Persoalan remaja kian kompleks. Hal ini tentu berawal dari salah pengasuhan sejak mereka mengenal lingkungan kehidupan pertama mereka. Para orang tua, khususnya ibu juga terseret arus kehidupan sosialita. Tak jarang anak yang memiliki ibu model sosialita akan selalu berpikir praktis, yakni membahagiakan anaknya dengan materi saja tanpa adanya ikatan jiwa (emosional) yang merekatkan hubungan kasih sayang di antara mereka.
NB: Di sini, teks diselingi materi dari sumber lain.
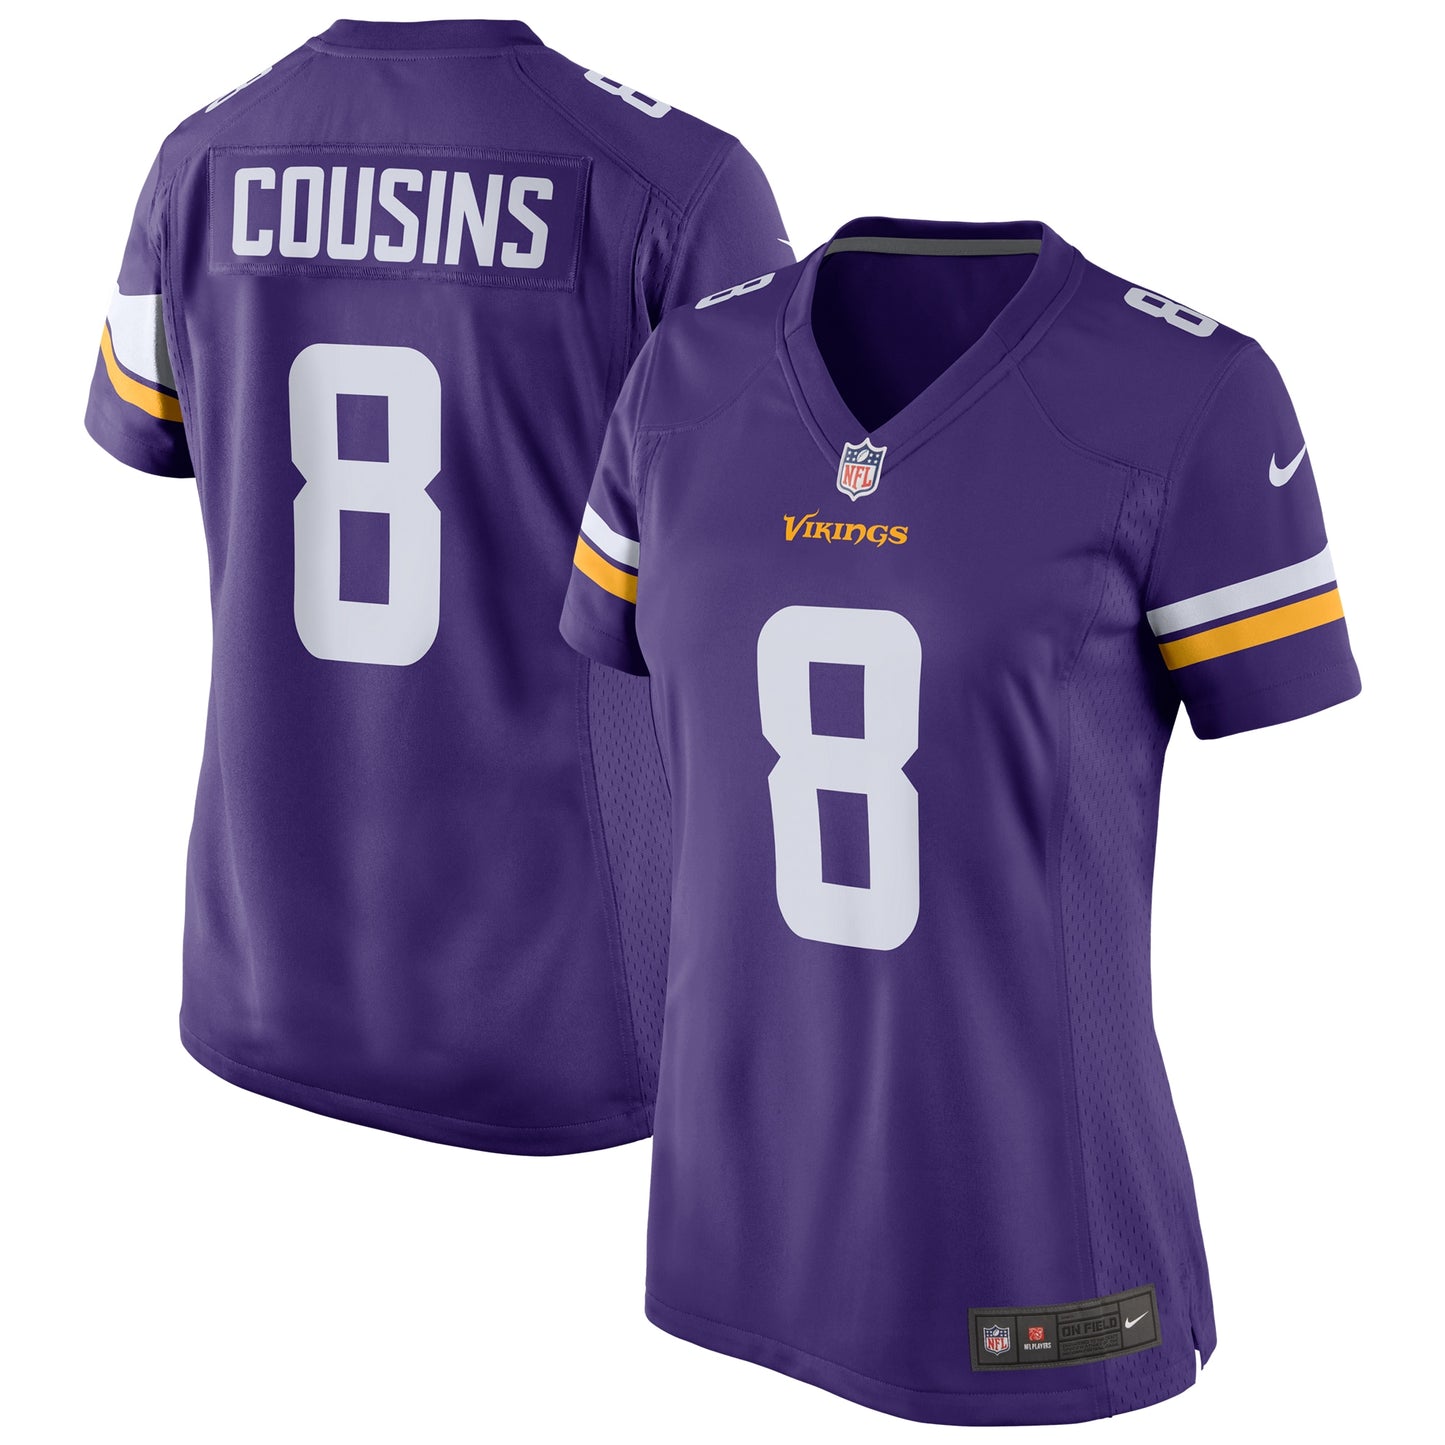 Kirk Cousins Minnesota Vikings Nike Women's Player Jersey - Purple

Pun tak sedikit dari ibu berpasrah dengan keadaan akibat perceraian, hingga anak tidak merasakan kehidupan yang harmonis. Naasnya, anak akibat korban perceraian akan mencari pelampiasan hidup di luar benteng pertahanan pertama mereka sejak lahir, yakni keluarga.
Sekularisme Biang Kerok Persoalan Keluarga
Menjadi PR besar bagi orang tua ketika memiliki seorang anak jauh dari sosok yang berkepribadian Islam. Kemajuan teknologi telah menyita fitrah dan naluri seorang ibu sebagai ummun warabbtul bait. Seperangkat gadget hingga uang tunai menjadi alat pengganti kasih sayang para orang tua. Mereka berpikir dengan memberikan fasilitas berupa materi akan membuat para anak remaja merasa diberi kasih sayang. Padahal, faktanya tidak demikian. Justru dengan pembiasaan hidup hedonis, perlahan tapi pasti akan membentuk pola pikir anak remaja yang menilai hubungan antara mereka dengan orang tuanya diukur dengan materi hingga standarnya hanyalah untung rugi.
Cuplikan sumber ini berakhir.